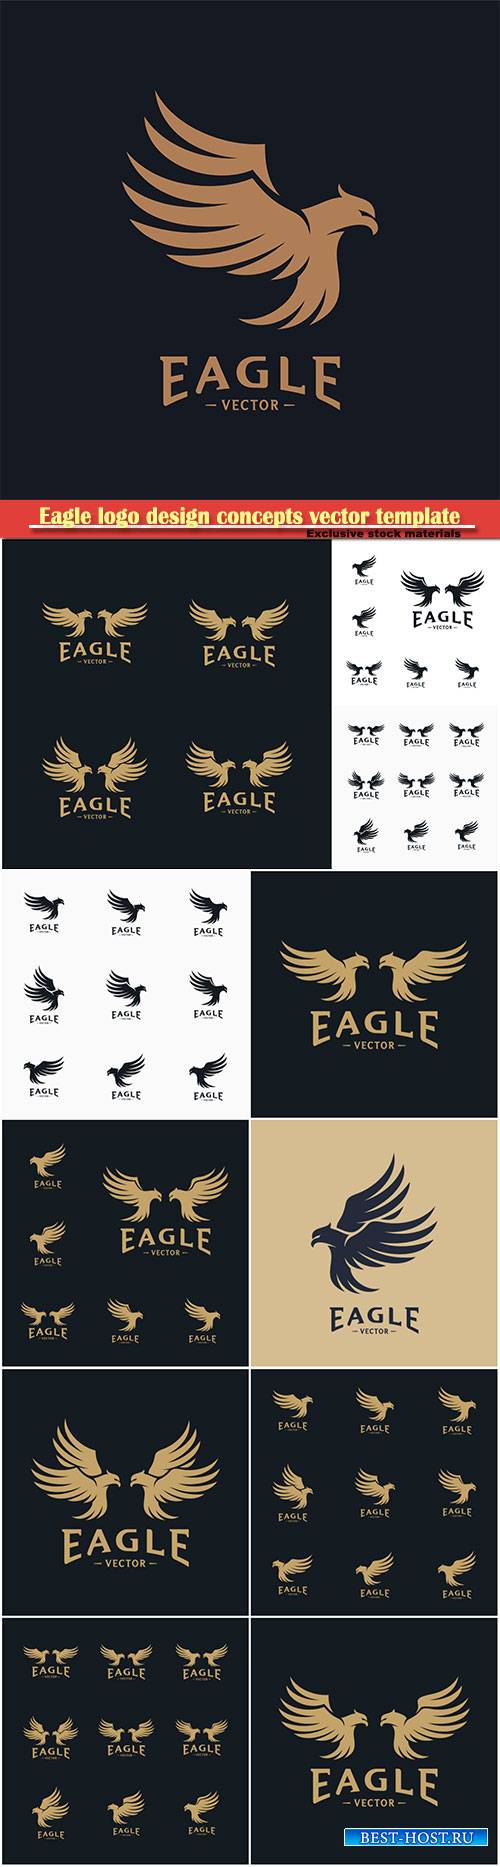 Eagle logo design concepts vector template, icon symbol
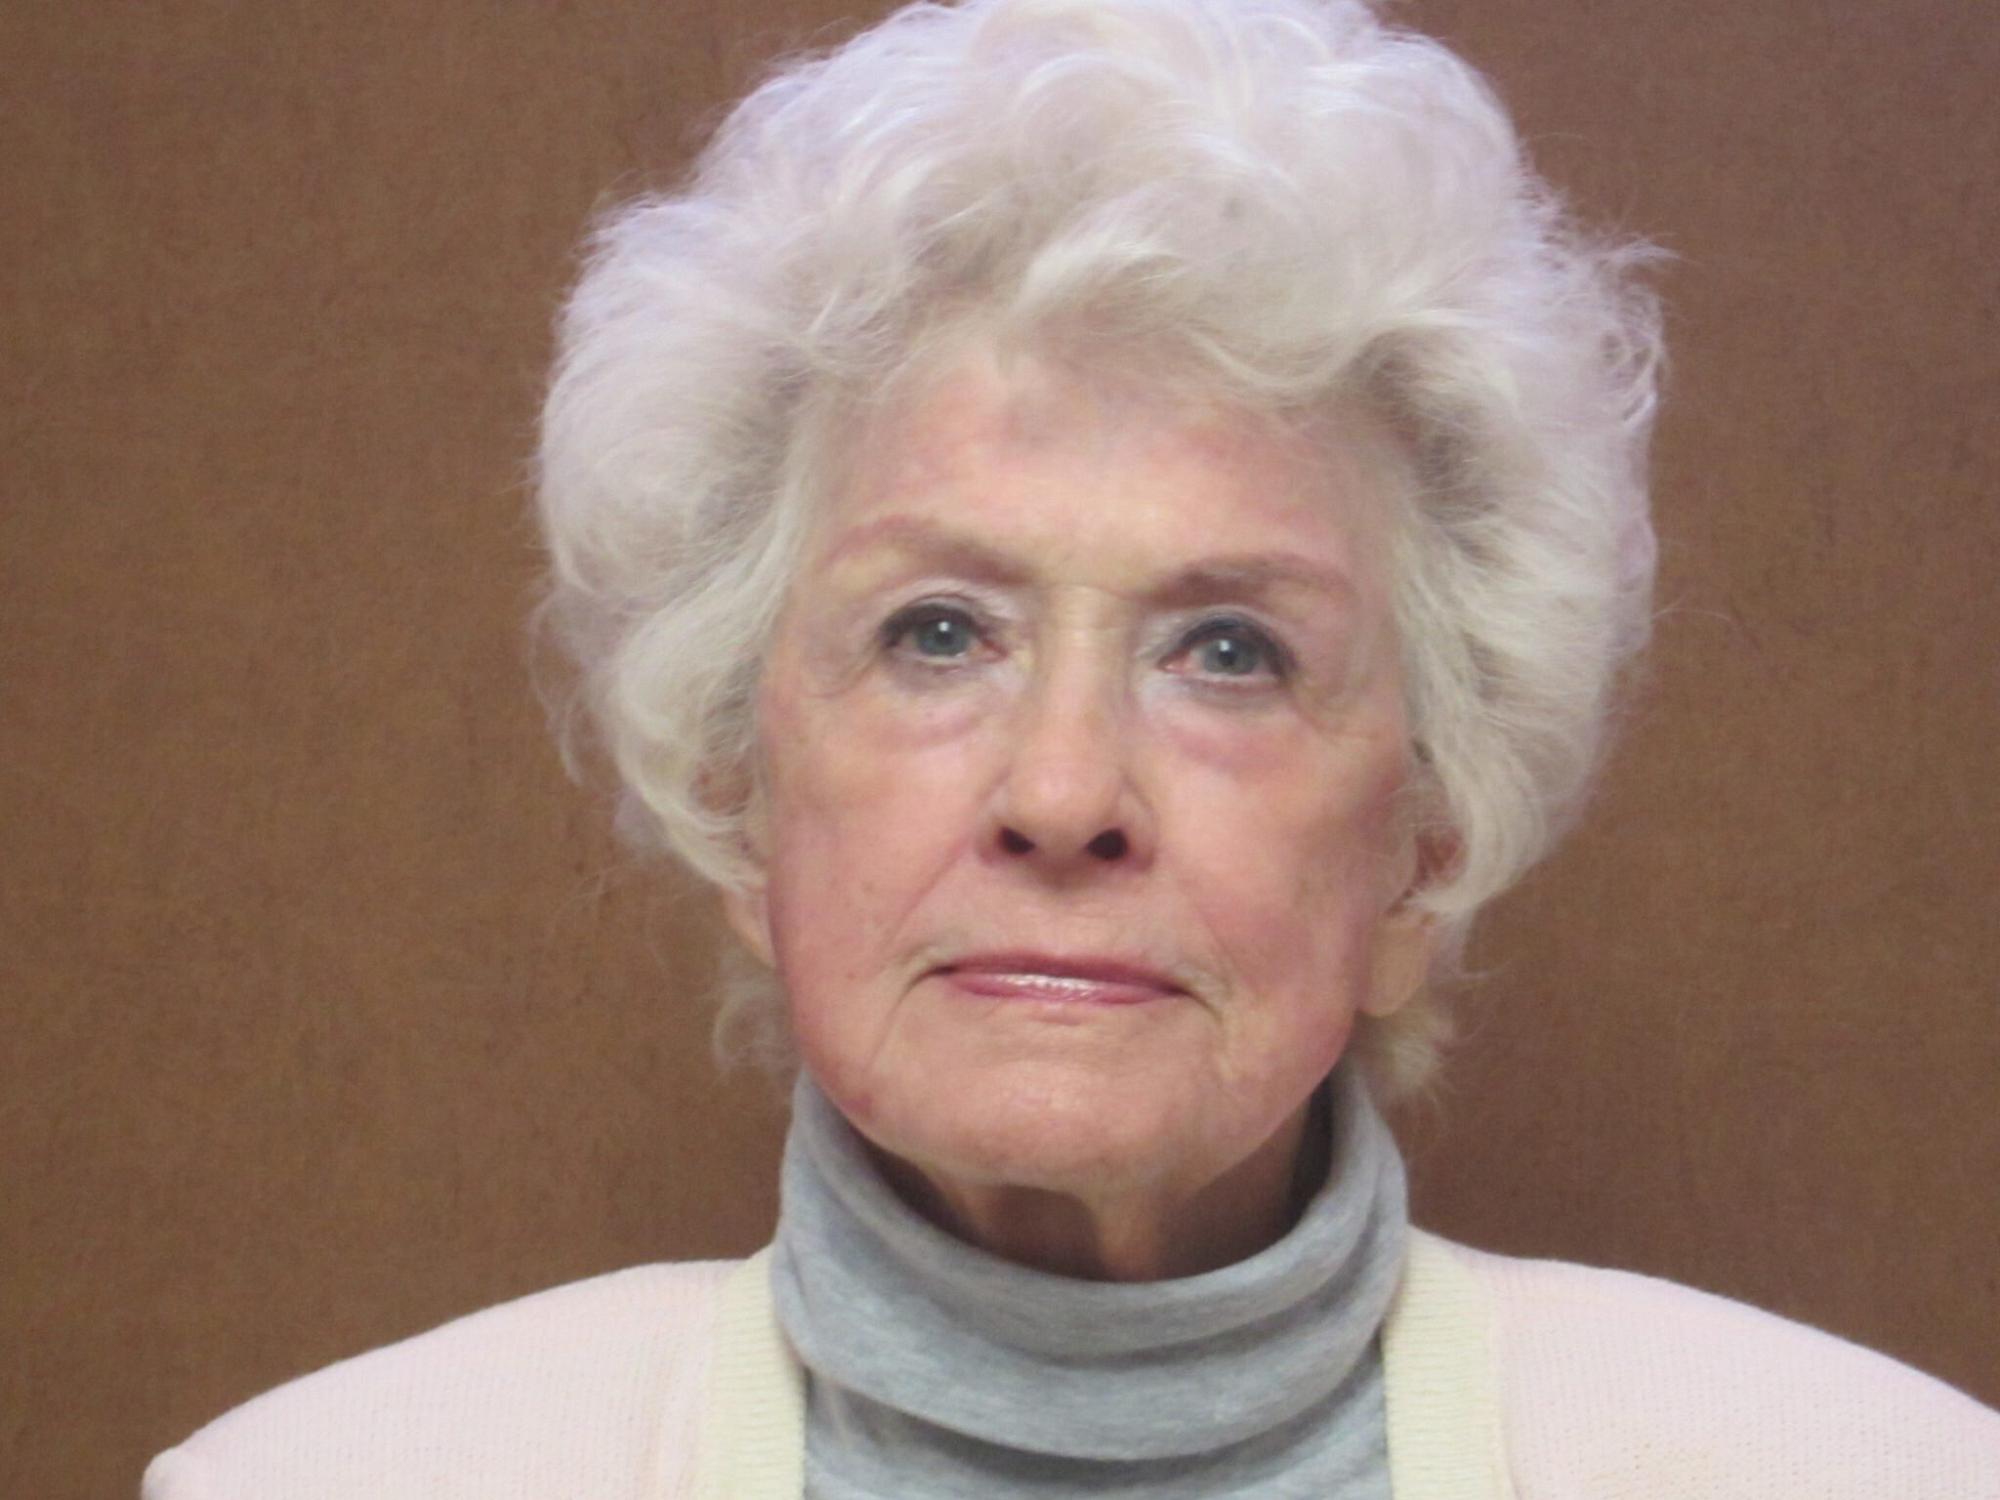 Elder woman's face after collagen treatment
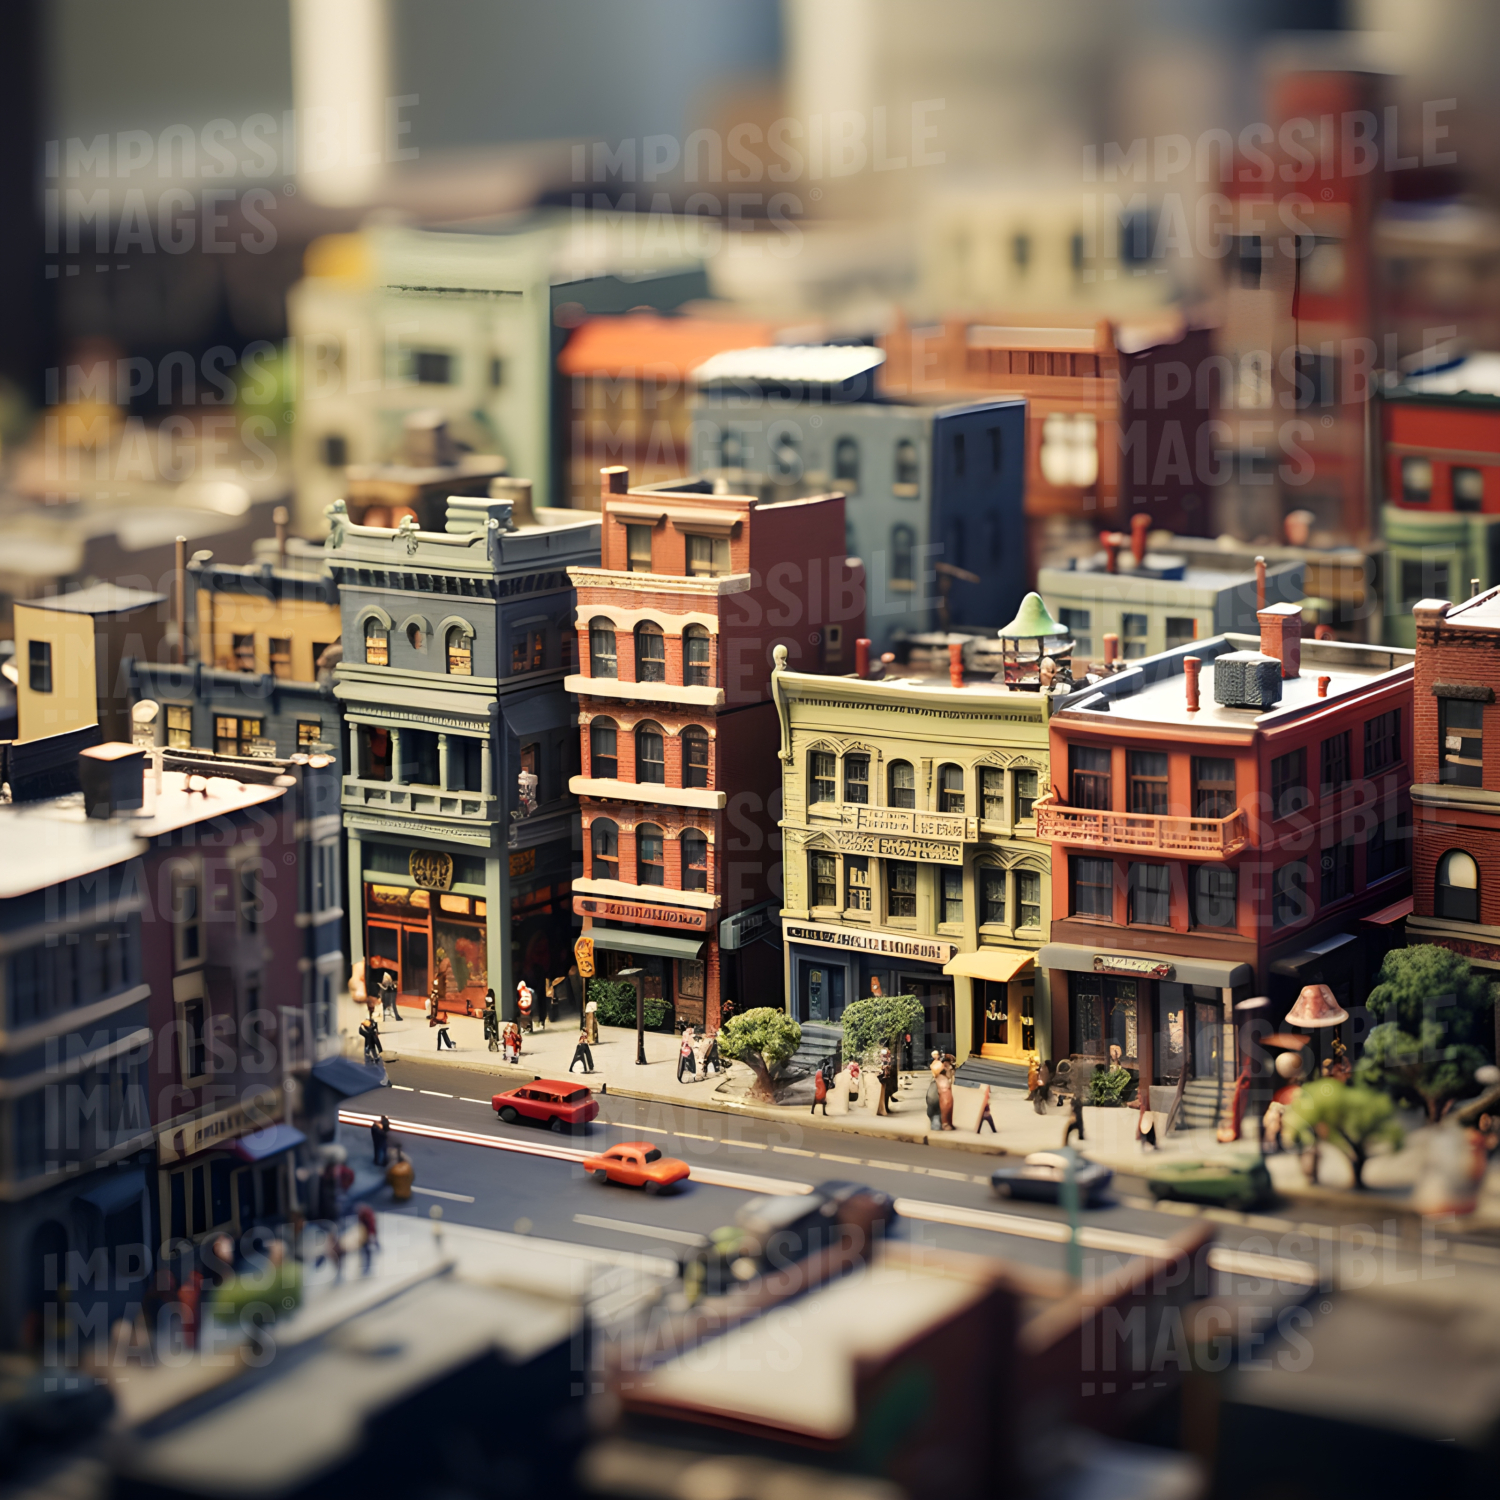 Model of a busy mid twentieth century city street
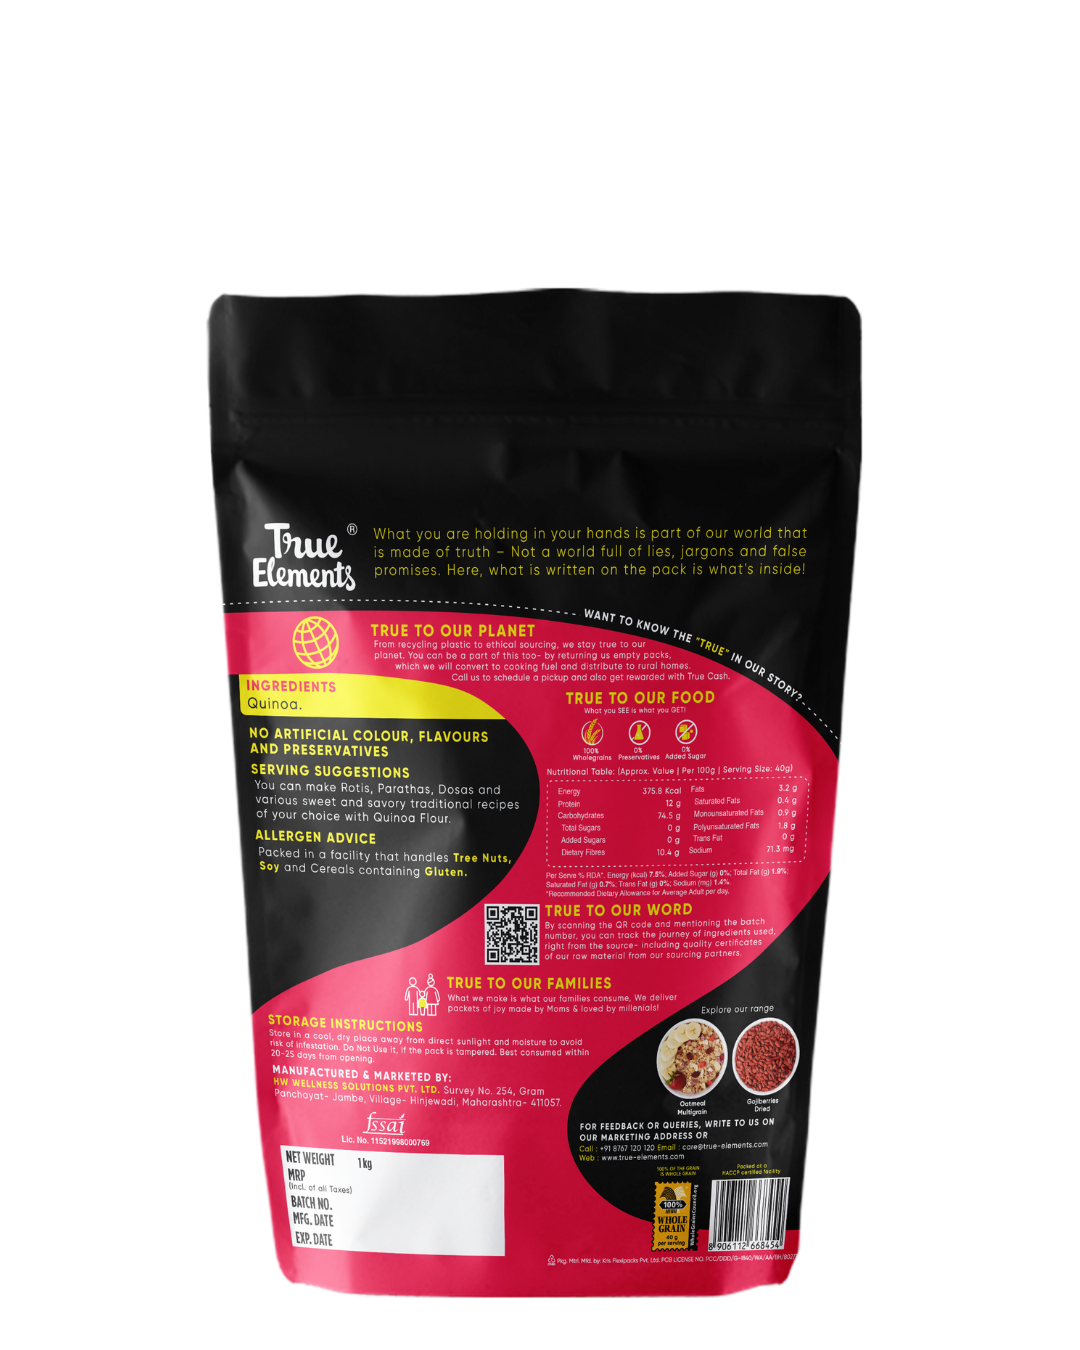 True Elements Quinoa Flour 1kg ingredients and nutritional value

**Directions for this task:** Every line from the one with "Elder woman's face after collagen treatment" through the last line of the material gets printed exactly, and nothing more. Omit the pictures.

**Response to this exercise:**
 Elder woman's face after collagen treatment
 Model of a busy mid twentieth century city street
 True Elements Quinoa Flour 1kg ingredients and nutritional value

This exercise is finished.